After Pine Island, the next biggest loser in Antarctica is the Antarctic Peninsula, a narrow spit of land that stretches up toward Chile and has warmed 2.5 degrees Celsius in the last half-century. Along the eastern side of the peninsula, a major ice shelf known as Larsen A disintegrated in 1995. An adjacent one to its south, called Larsen B, went in 2002, removing an area of ice the size of Rhode Island in a single summer. Now researchers are closely watching the southern fringe of what’s left, the still-standing and largest of all, Larsen C.
Scientists are also watching what the removal of Larsen A and Larsen B did to the glaciers that fed them. New calculations show that between 2001 and 2006 those glaciers were responsible for about one-third of the ice lost from the Antarctic Peninsula, says Ted Scambos, a glaciologist at the National Snow and Ice Data Center in Boulder, Colo. “It tells us Antarctica is vulnerable,” he says.
Ice shelves disintegrate when crevasses form on their tops and then widen into cracks that are too big to reseal themselves during winter.

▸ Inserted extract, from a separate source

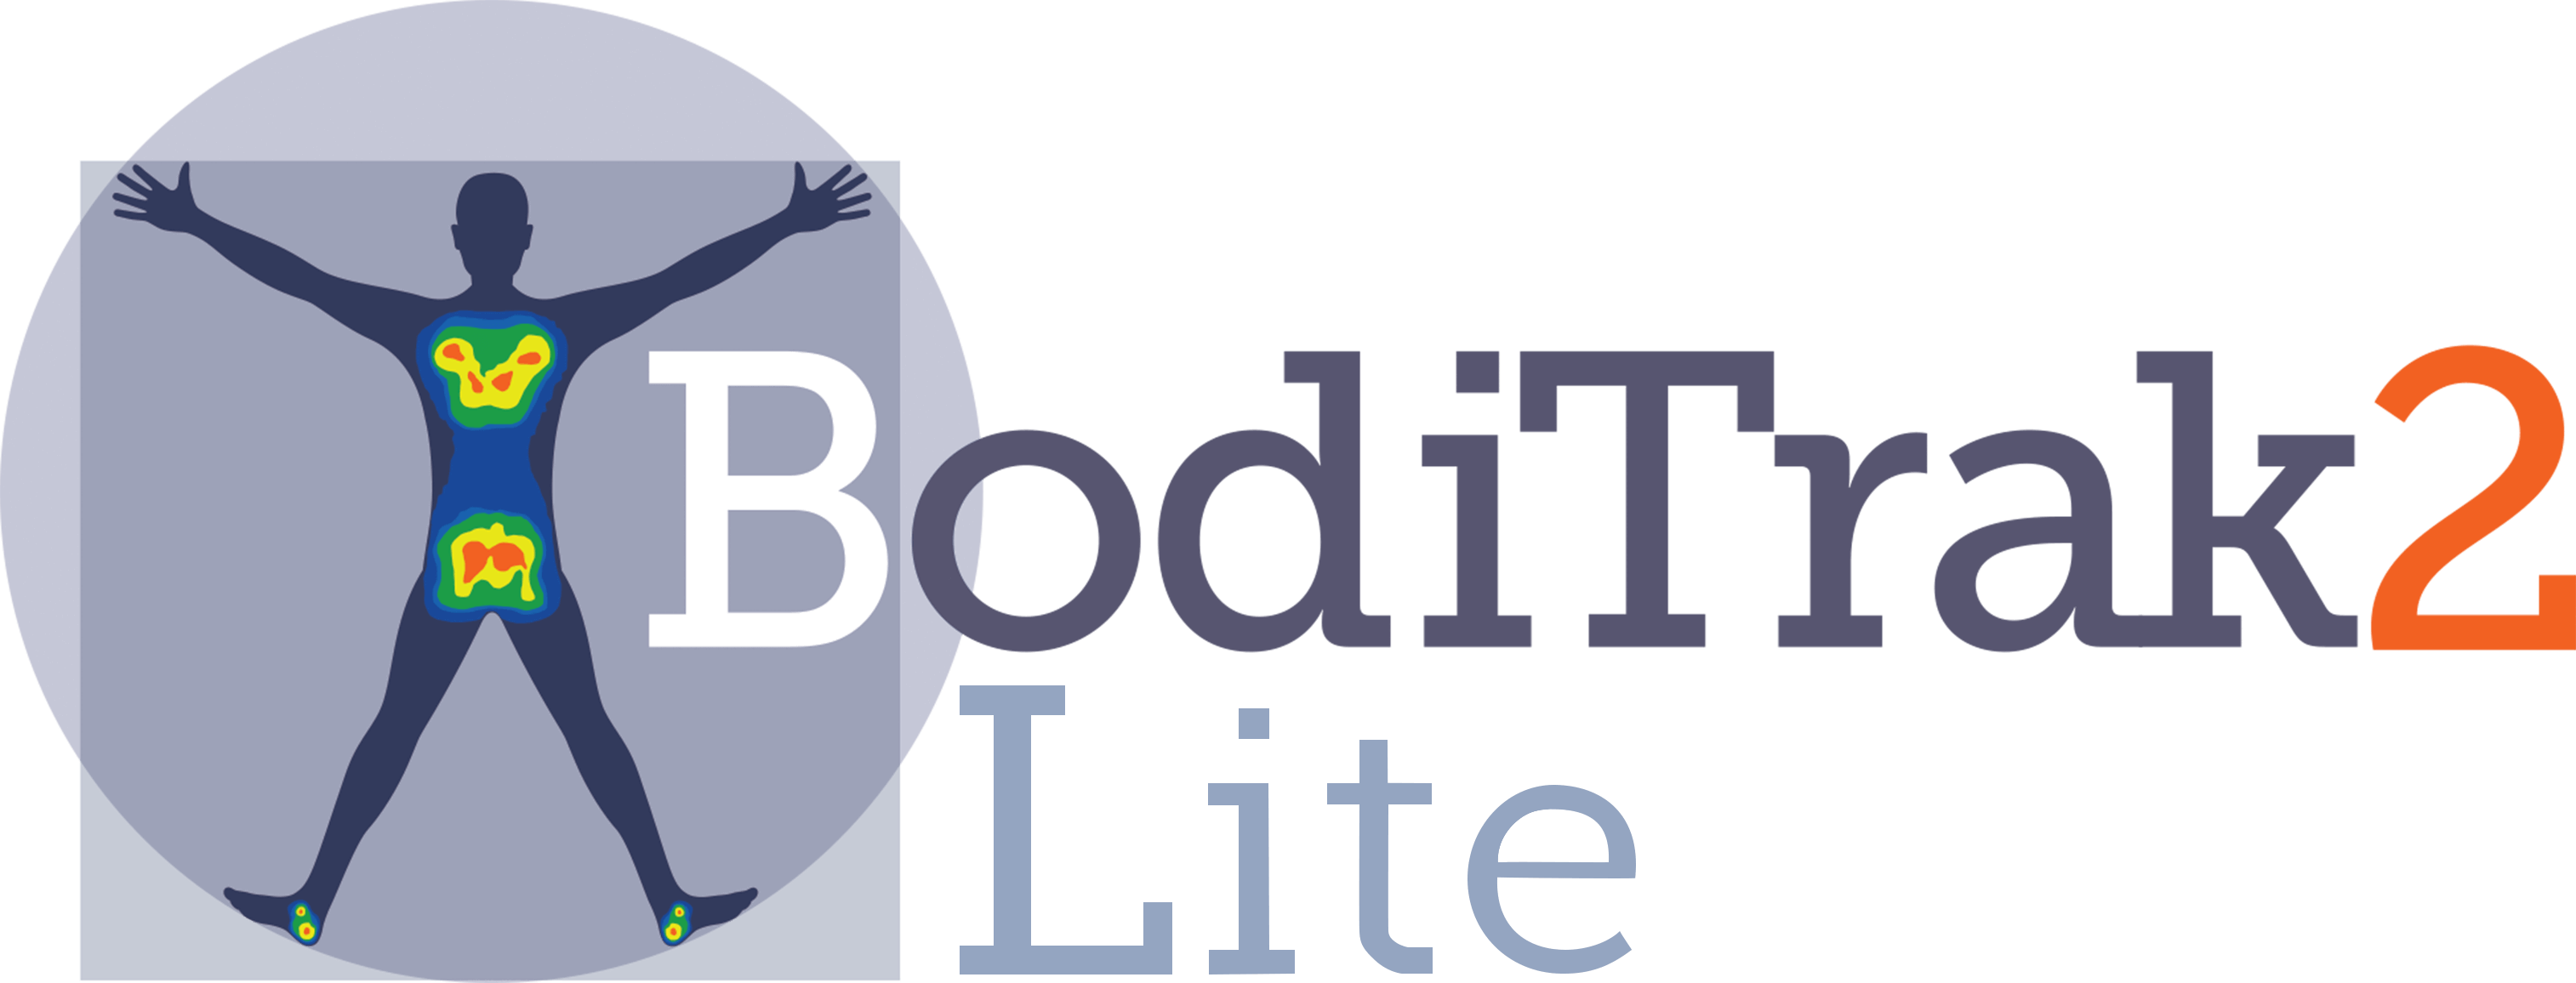 Lite Logo - BodiTrak2

In summer, as the ice surface melts, water begins ponding and filling these cracks, and the water pressure serves to widen the crack and keep it propagating. “Some shelves go for years with water on the surface, but then in one particular year you get that disintegration,” says Scambos.
Hoping to catch one in the act, Scambos and his colleagues have targeted a part of Larsen C known as Scar Inlet. The team put a sophisticated measuring station, bristling with cameras and other instruments, on the floating ice of Scar Inlet itself, as well as another on the glacier feeding it. If the Antarctic Peninsula gets a particularly warm summer in the next couple of years, the team expects to be able to watch Scar Inlet disintegrate. If so, the glaciers feeding the Larsen area may speed up even more, thus accelerating the rate at which ice is dumped into the ocean.

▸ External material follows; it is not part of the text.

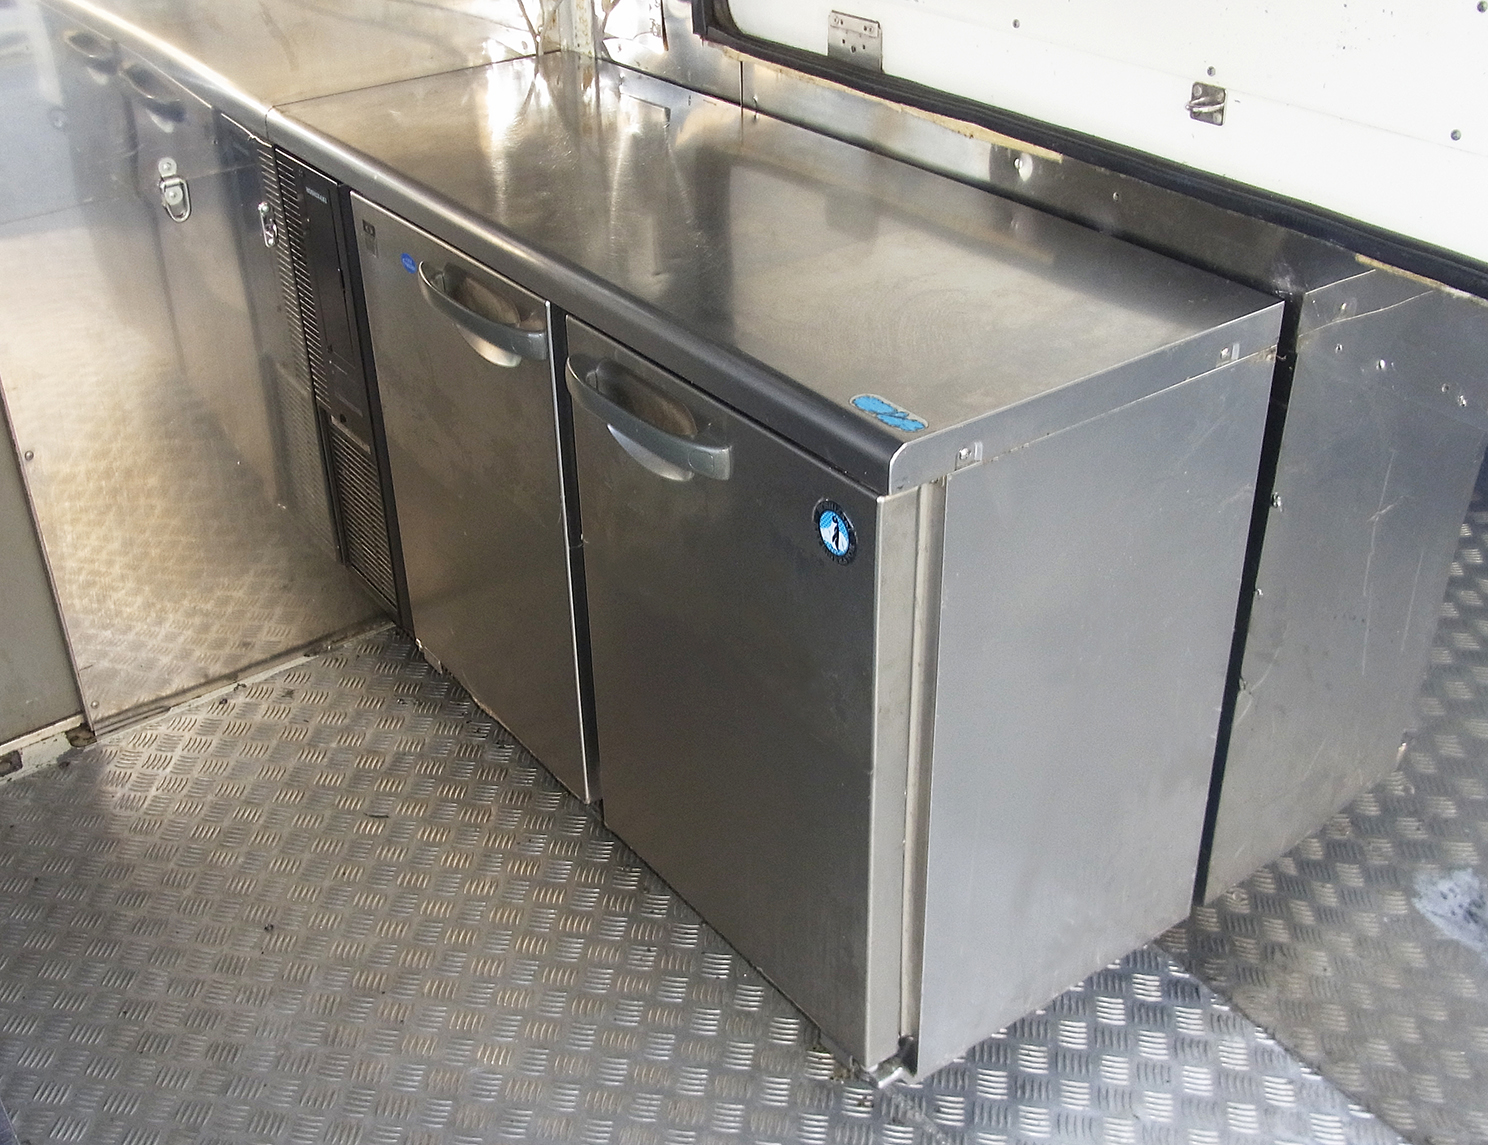 キッチンカーレンタル車輛アーバンサポーターの冷凍冷蔵庫

One thing is certain about glacier studies in a warming world: There’s plenty of job security. “The events in the ’90s and this past decade suddenly showed us lots of things to focus on,” says Scambos. Events like Greenland glaciers accelerating and the Larsen ice shelves disintegrating “all told us what the important precursors were before you saw a great big change,” he says. Now scientists have the data to start understanding how those precursors lead to change.
“We’re definitely moving from the realm of observation to the realm of prediction, and that’s the goal,” says Howat. What matters in the end is not the details of a particular glacier in Antarctica, but what that means for people living along coasts. From a practical perspective, he says, “we don’t really care what the ice sheet’s doing now. We want to know what it’ll be doing in 100 years.”